Task item — Your task is to reproduce, exactly and only, the lines running from the line containing "Vintage Small Uranium" to the end of the data below, both included.

Supplied entries —
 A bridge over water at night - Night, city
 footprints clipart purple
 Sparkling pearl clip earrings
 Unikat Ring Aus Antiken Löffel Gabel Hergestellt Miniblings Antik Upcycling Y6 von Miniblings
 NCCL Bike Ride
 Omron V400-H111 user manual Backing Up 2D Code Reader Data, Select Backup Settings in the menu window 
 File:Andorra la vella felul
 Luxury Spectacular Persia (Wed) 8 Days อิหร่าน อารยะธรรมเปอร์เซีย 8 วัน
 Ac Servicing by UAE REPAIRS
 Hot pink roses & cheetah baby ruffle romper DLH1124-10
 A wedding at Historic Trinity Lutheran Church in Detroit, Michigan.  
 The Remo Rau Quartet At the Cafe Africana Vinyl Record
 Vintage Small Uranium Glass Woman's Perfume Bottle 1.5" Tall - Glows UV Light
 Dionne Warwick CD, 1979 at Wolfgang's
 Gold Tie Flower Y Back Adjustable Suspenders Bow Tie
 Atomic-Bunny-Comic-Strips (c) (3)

Reply to the task —
 Vintage Small Uranium Glass Woman's Perfume Bottle 1.5" Tall - Glows UV Light
 Dionne Warwick CD, 1979 at Wolfgang's
 Gold Tie Flower Y Back Adjustable Suspenders Bow Tie
 Atomic-Bunny-Comic-Strips (c) (3)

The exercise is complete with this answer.